Planned Parenthood CEO Wen on 2020 election: It's the 'fight of our time'

Leana Wen photo from WSJ Future of Everything Festival
The CEO of Planned Parenthood said the organization plans to challenge a number of restrictive state abortion bills passed in 2019. (ProductionManager/Adam Shultz)

NEW YORK CITY—After Alabama Gov. Kay Ivey signed the most restrictive abortion bill in the country to date, Planned Parenthood health centers in the state set up a separate phone line just to address the flood of calls coming in from concerned patients, according to Planned Parenthood Federation of America President and CEO Leana Wen, M.D. 

"Right now, as we speak, abortion is safe and legal in all 50 states and we are trying to get that message out," Wen said while speaking at The Wall Street Journal's Future of Everything Festival on Monday.

"What keeps us up at night, it’s not the phone calls," she said. "It’s the people who may not be calling us and we can’t reach them."

Her speech came as a collection of states have pursued restrictive abortion legislation. Missouri also passed a bill last week to ban abortions after a fetal heartbeat is detected, making the state the eighth this year to pass abortion restrictions that could challenge the constitutional right established in Roe v. Wade.

Under the Alabama bill, physicians who perform abortions could face up to 99 years in prison, and attempting an abortion would be considered a Class C felony, putting the physician at risk of a 10-year prison term.
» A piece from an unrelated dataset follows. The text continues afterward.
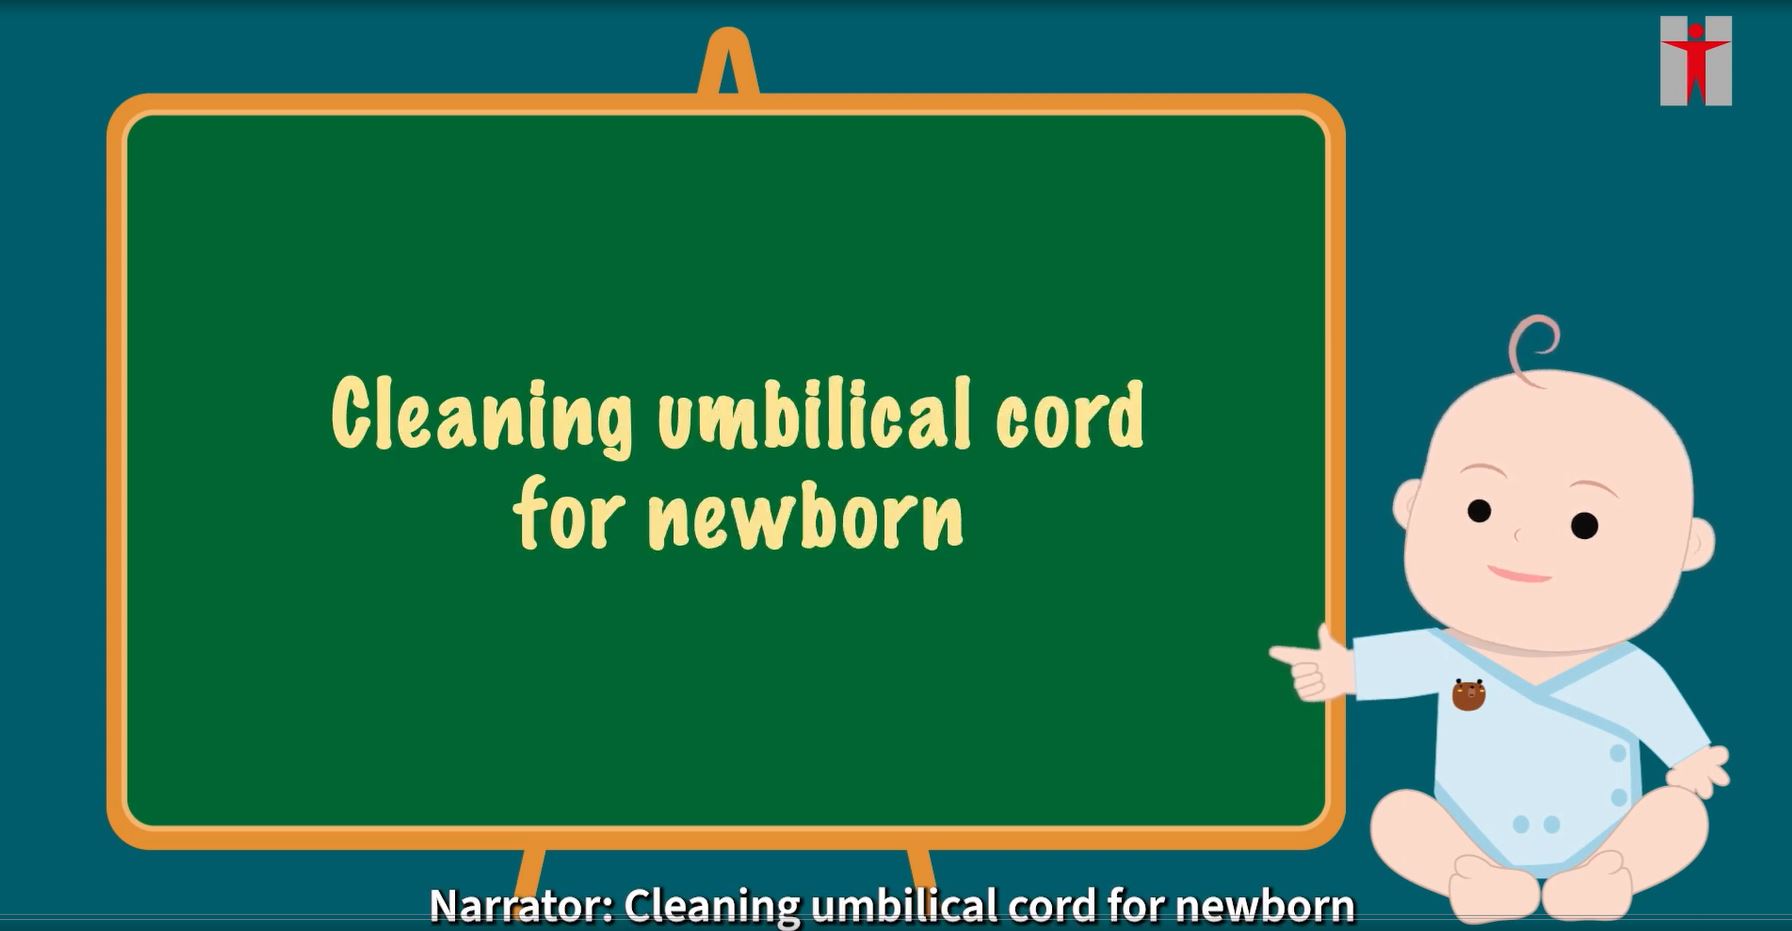 Cleaning umbilical cord for newborn

RELATED: Physicians could face life in prison under new Alabama abortion law; doctor groups decry 'political interference

Wen, who has been in her leadership role with Planned Parenthood only six months, vowed that the organization, in collaboration with the American Civil Liberties Union and other organizations, would fight restrictive abortion bills in the courts. "These are unconstitutional, illegal and dangerous bans," she said. "Not giving medical care to women is hurting women."

The latest bans are not yet in effect, and all are expected to face lengthy court battles—indeed, their proponents are hoping they will reach the Supreme Court.

If Roe v. Wade, the Supreme Court decision set in 1973, is overturned, 1 in 3 women, or about 25 million, could be living in a state where abortion is banned, outlawed and criminalized, Wen said.

"I come to this work as a physician providing care to my patients," Wen said, noting stories that her physician mentor in medical school told her about working in the emergency room in the 1960s. "My mentor recalled that there were entire wards in the hospital filled with women who were dying because they didn’t have access to safe abortions. These women sought care in garages, farms, and other countries, and they were dying of kidney failure and dying of sepsis. We simply can’t go back to that point."

In addition to the restriction on abortions, the Georgia law proposes that the state can investigate women who have had miscarriages to look at whether someone performed an illegal abortion on her.

RELATED: AMA files lawsuit to block Title X rule restricting abortion clinic funding

"What kind of dystopian world do we live in that the government can look at our medical records? That’s what is at stake right now," Wen said.

Wen said the 2020 presidential election would be the "fight of our time," and Planned Parenthood and other organizations plan to engage and mobilize voters. "(President Donald) Trump has made it clear that he wants women’s health and abortion care to be an issue in the 2020 elections. Bring it on," Wen said.

Expanding services while fighting Title X changes

Planned Parenthood is the largest reproductive health and abortion provider in the U.S. and operates more than 600 health centers across the country. The organization is focused on reproductive and sexual health care and offers services such as cervical cancer screenings, sexually transmitted disease testing, birth control and wellness visits.

Wen said the organization is expanding its services into primary care, and some centers offer mental health care as well as referrals for substance abuse disorder treatments. It is also expanding access to services that address social determinants of health.

"We are expanding our services all the while we are under attack because we have to. That’s what patients expect from us," she said.

RELATED: U.S. judge blocks 'gag rule' on abortion, calls policy 'madness'

Back in February, the Trump administration released a final rule that revises regulations around the Title X family planning program to block funding to groups that provide abortion referrals. Largely seen as a direct attack on Planned Parenthood, the final rule requires providers that receive Title X funding to maintain "physical and financial separation" from an abortion provider.

Officials have said the funding is still available to provide healthcare access to patients, but at different providers than those who offer abortions. They have also said it allows providers to mention abortion but not to provide information and referrals for one.

Multiple medical organizations including the American Medical Association have filed lawsuits to block the Trump administration rule, saying it imposes restrictions on the patient-physician relationship.

As a physician, Wen said she is concerned about the millions of patients who would no longer have access to healthcare if the Title X "gag rule" changes are implemented.

"I think about my patient, a mother of three, whom in her 30s was diagnosed with metastatic breast cancer. She waited a year before she had a breast exam and by the time she she received care, she was diagnosed with metastatic cancer and died soon after. That's the cost of these policies," Wen said.